“Granting that the newspaper man accepts the advertisements through ignorance of the facts concerning their possibilities for evil, what can be offered in defense of the medical editor who accepts advertising matter equally pernicious in its influence?

“Indeed, it is not so many years since many of the so-called ethical medical journals carried the ads of some of the most notorious quacks this country has ever known.

“Doubtless there are few, if any, who do so at the present time, but, on the other hand, there are only a few who do not advertise unethical institutions, and questionable proprietary medicines. As a matter of fact some of the most widely advertised patent medicines of today were formerly advertised as ethical proprietaries in medical periodicals, the great majority of which are still serving as a sort of preparatory school for advertisements that will presently appear in the lay press.

“What shall be offered in defense of the medical publication which continues to publish the advertising matter of hundreds of proprietaries which the Council on Pharmacy and Chemistry of the American Medical Association has shown to be either generally worthless or an out and out fake?

“Can the medical editor plead ignorance? Hardly. To do so would be to admit utter incapacity. There is only one inference to be drawn; the publication needs the money and is not overparticular regarding its source.

“There is a remedy, however, a remedy absolutely certain in its results. If every physician in the United States for a period of three months would positively refuse to receive at his desk a medical journal containing questionable advertising, this blotch on medical journalism could be erased.

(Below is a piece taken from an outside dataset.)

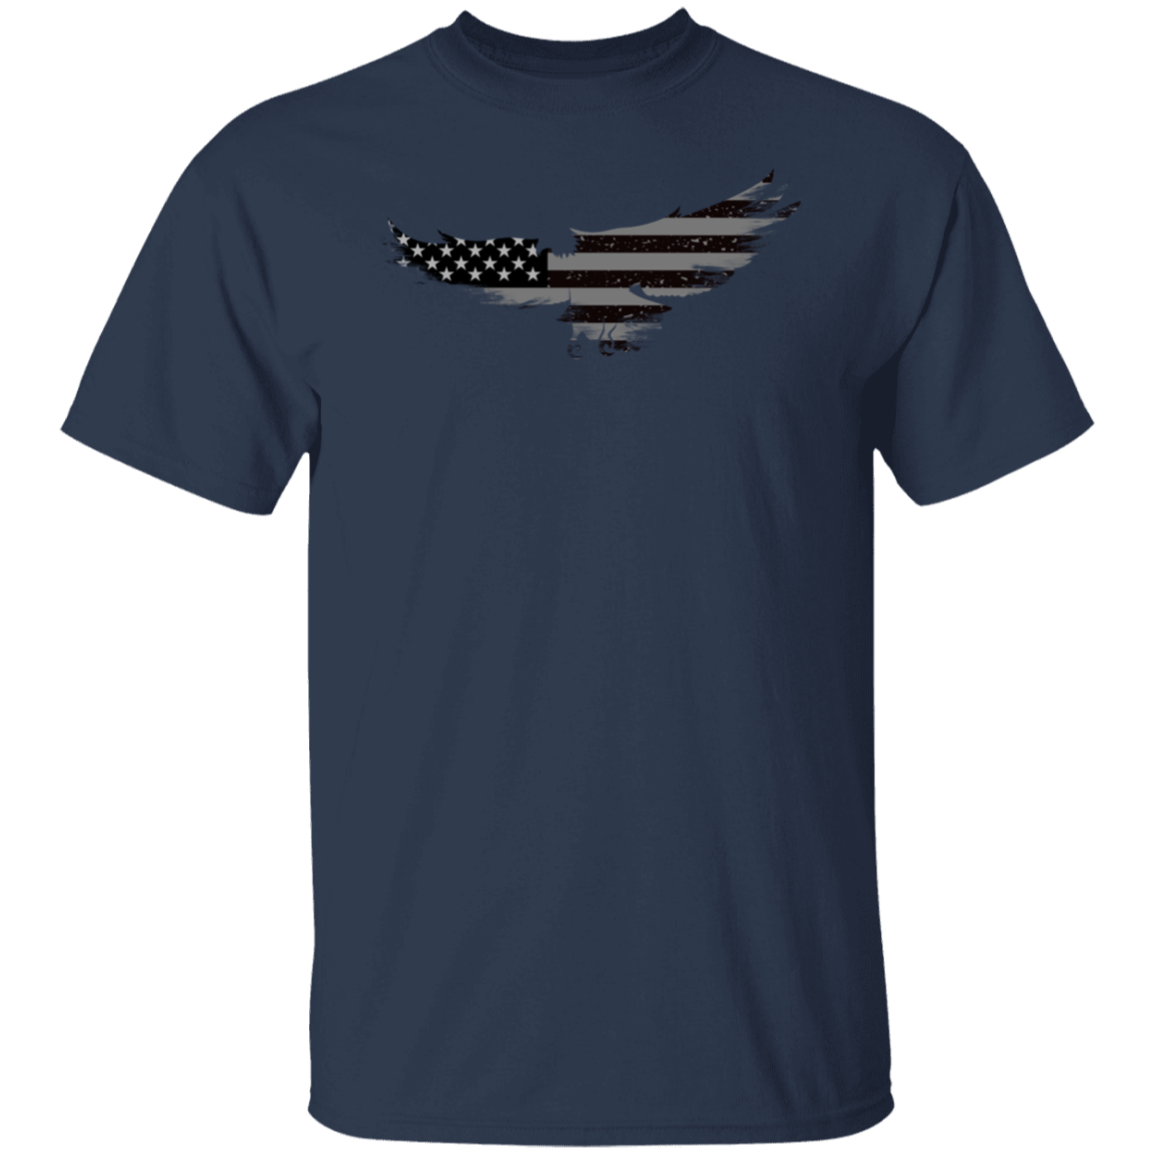 USA Eagle Flag T Shirt - Unisex
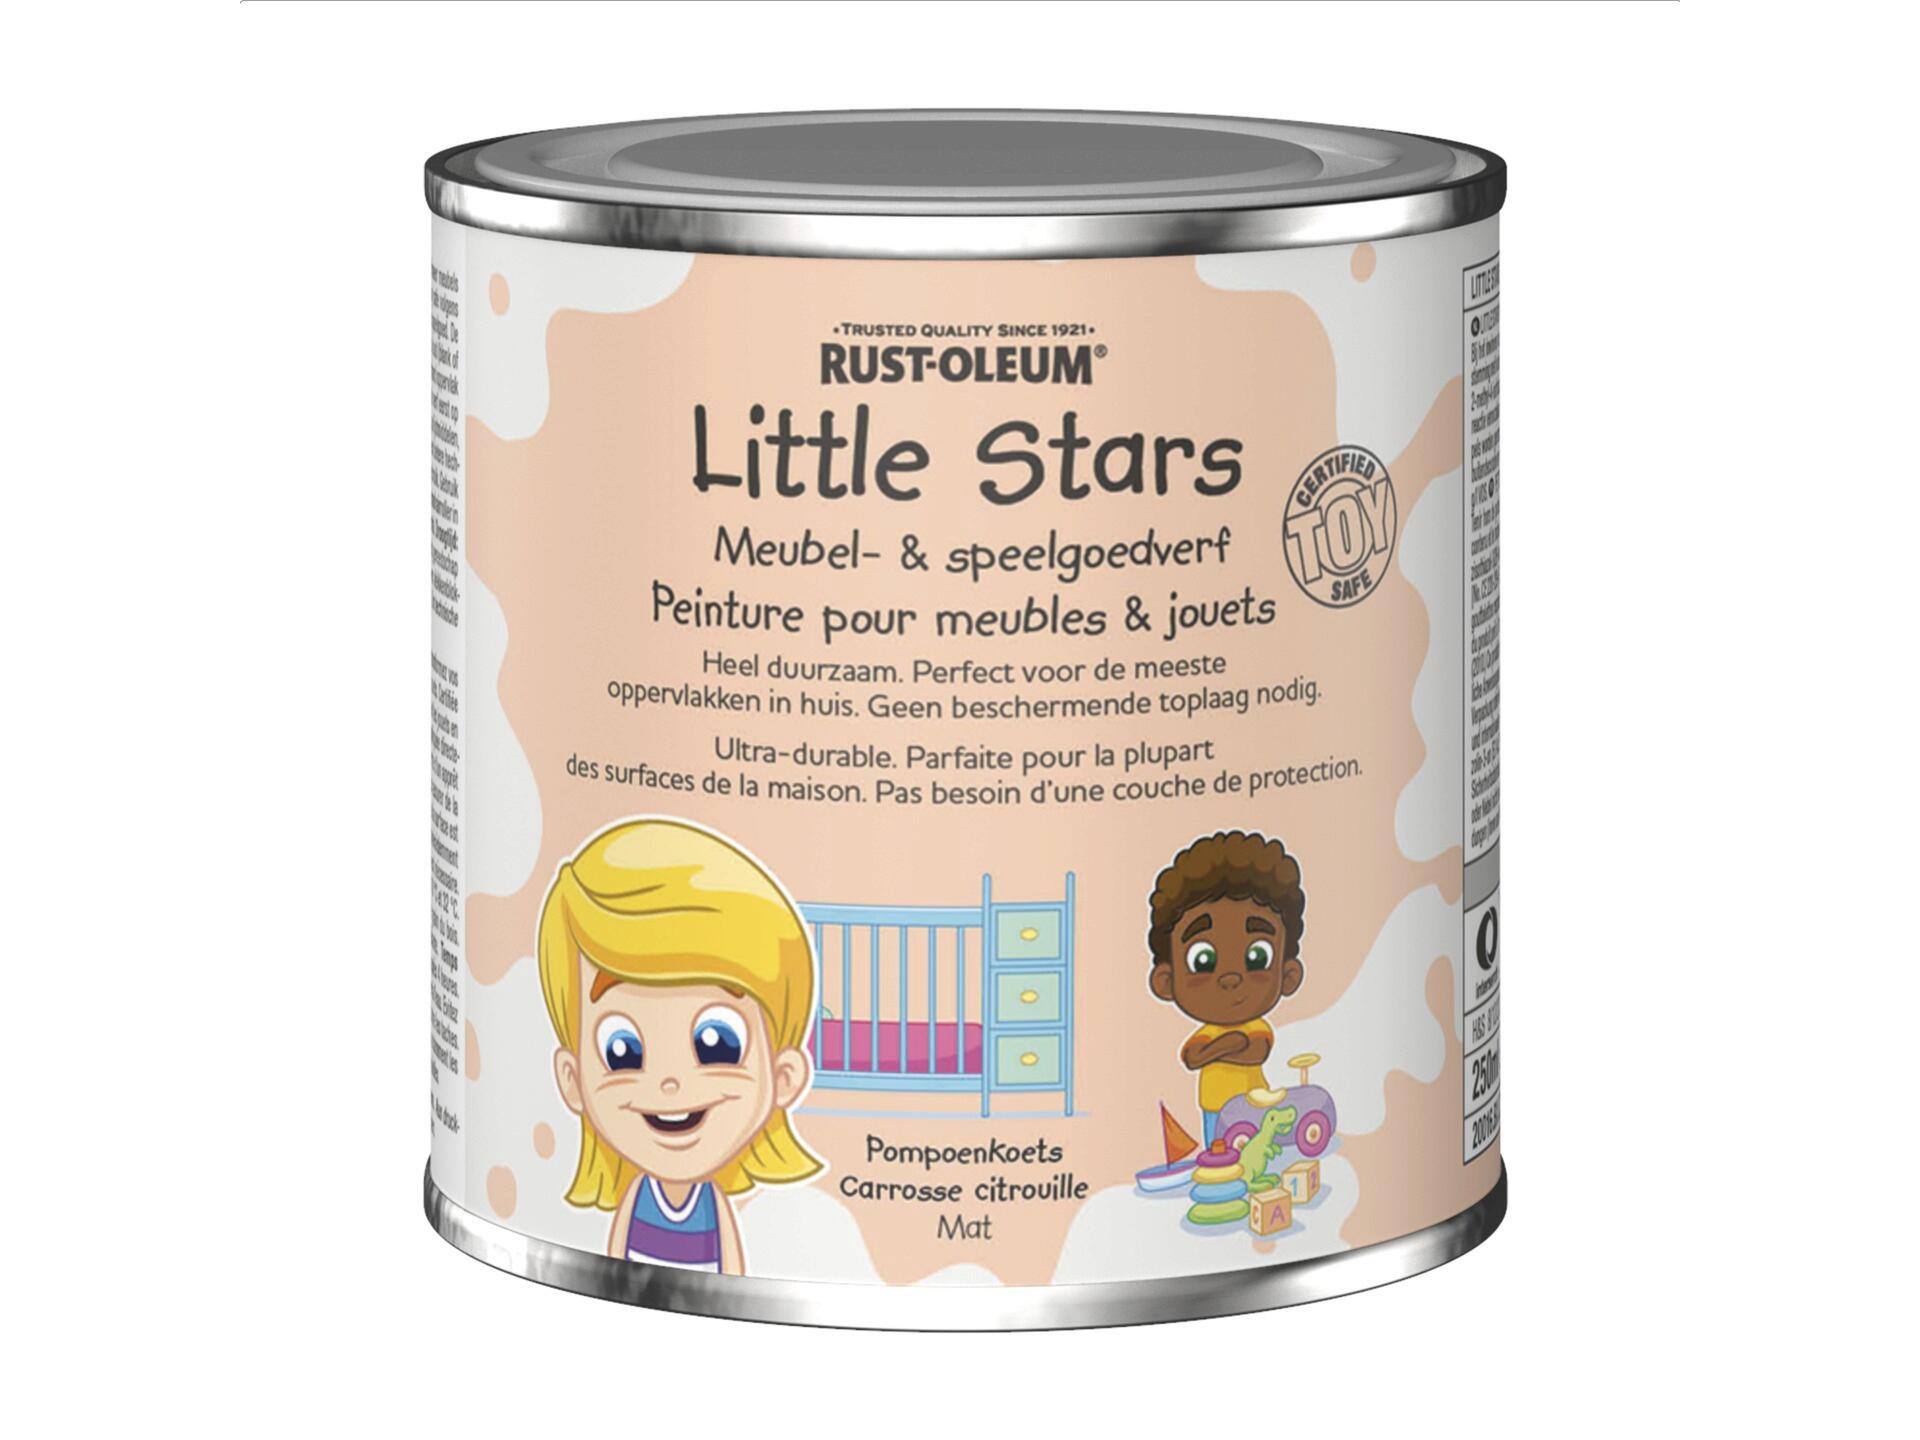 Rust-oleum Little Stars peinture pour meubles et jouets 250ml carrosse citrouille

“It is true that many of them would sink, never to rise again, but the profession would be better off without those whose existence depends upon ‘phoney’ advertising. There are, unfortunately, several American journals whose reading pages are well and carefully edited and a credit to medical literature, whose advertising pages carry such undesirable matter that the educated physician can only feel a sense of disgust.

“Such journals could very well succeed on the quality of their reading matter and undoubtedly would increase their circulation enough to more than offset the loss in advertising.”​—(From The Journal A. M. A., May 29, 1915.)